Here's what I love and can't wrap my mind around: the words are so calm, clinical, ordinary, and the subject matter has Mad Scientist melodrama written all over it. But the father just loves his son, who will be a legendary mass murderer; and the mother just wants science to study his brain, which is in a jar somewhere waiting for a court to decide what to do with it. Another scientist has gotten a grant to study it.

OK, novelists, here's a concept: What if the father of a deceased mass murderer gets wind of a plan to clone his son's brain to create a secret elite corps for world domination?

Don't like it? Neither do I. But do it better. Put it in the comments, if you want.

Just for the record, we've departed from the Dahmer case into FICTION.

Bloggers beware

Libel and defamation happen on the Internet, and one blogger is being sued for what his commenters said.
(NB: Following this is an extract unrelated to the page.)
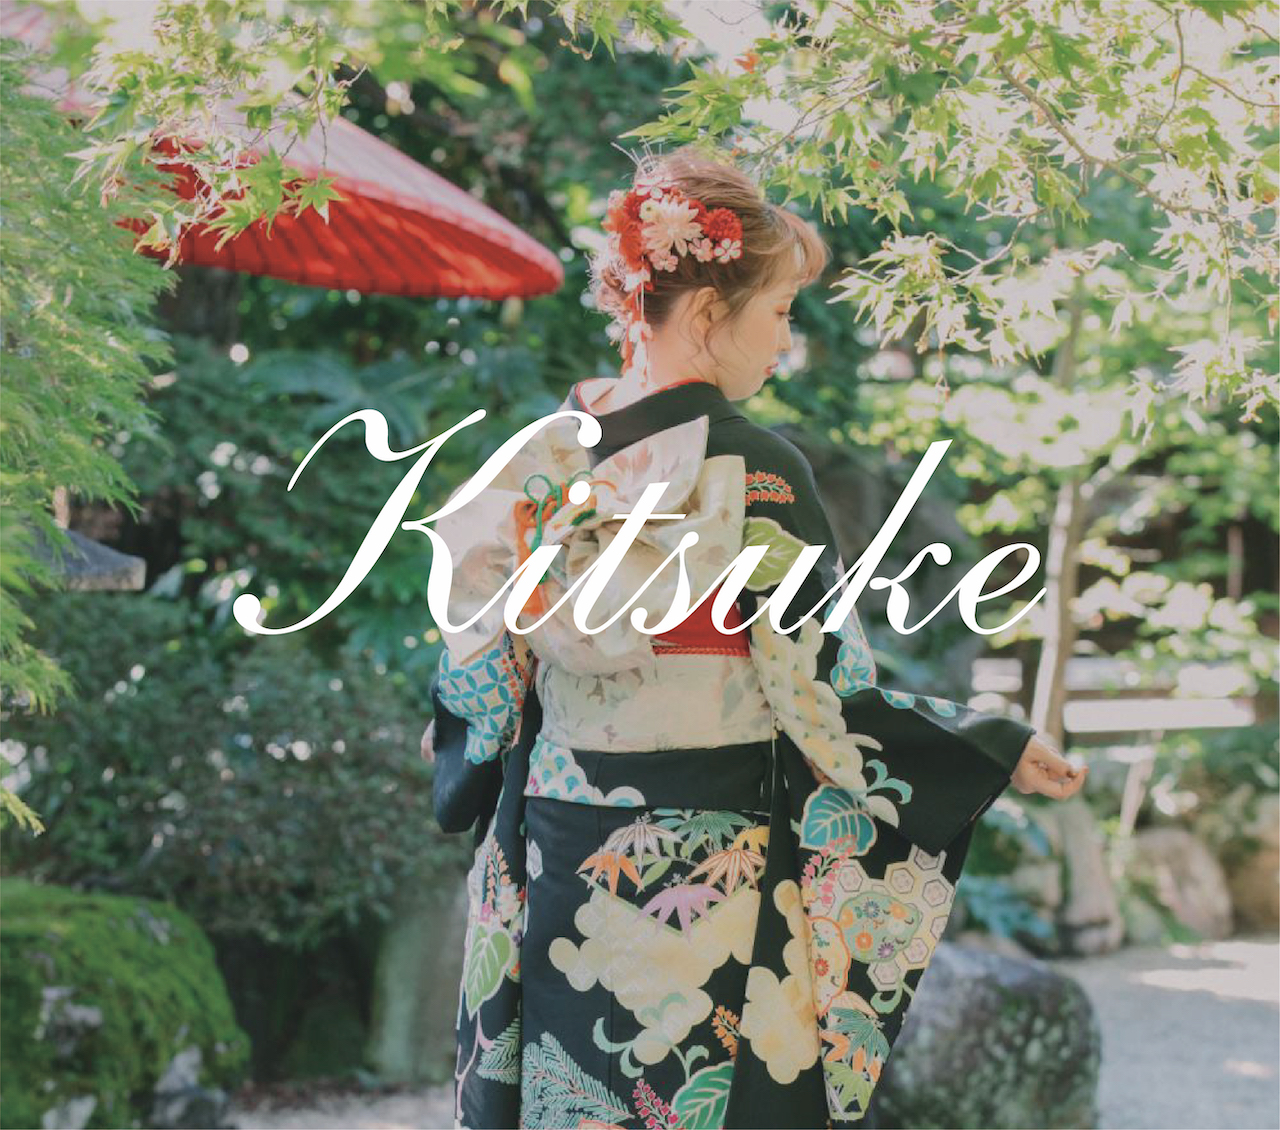 Kitsuke

The message may be worth a lawsuit, but it's probably wise to go into it with a clear awareness of what it may cost.

RatcliffeBlog gives a guide to libel, defamation, slander and confidientiality for citizen journalists and bloggers.

Sunday, October 02, 2005

What I learned from the Sitka icon


Grace went to see the Sitka icon when it came to her parish. She ended up taking an inkjet copy to a sick friend and witnessing what is quite likely a small miracle.

My miracle was even smaller.

I actually don't like the Sitka icon very much. It's in the "realistic" painting style that characterizes the Western captivity of iconography that has finally been broken, mostly, over the past several decades. The garish riza, or gold covering, eliminates the color symbolism, and it has these spiky haloes, instead of the traditional ones identifying the persons of Christ and the Theotokos. Maybe most significantly, the depiction of the "Father" at the top is against the canons of iconography.

And yet.

When you're in the presence of the icon, it's as if it really is a window into heaven, and the prayers and devotion of undemanding people brush past you like a breeze. You realize that what's required for sanctification is not so much perfection as devotion.

We should by all means aim for perfection, timeless beauty, faithfulness to the Tradition of whatever endeavor we undertake. But we should also understand that our best human efforts, the works of Michelangelo and the Pyramids and Dostoevsky and Mozart, are like a toddler's finger painting, stuck on God's refrigerator more out of love for the artist than appreciation for the art.

Even as we aim high, we need to realize that at the end of our works, love is enough.

Grace's miracle was more miraculous, but mine was what I needed that day.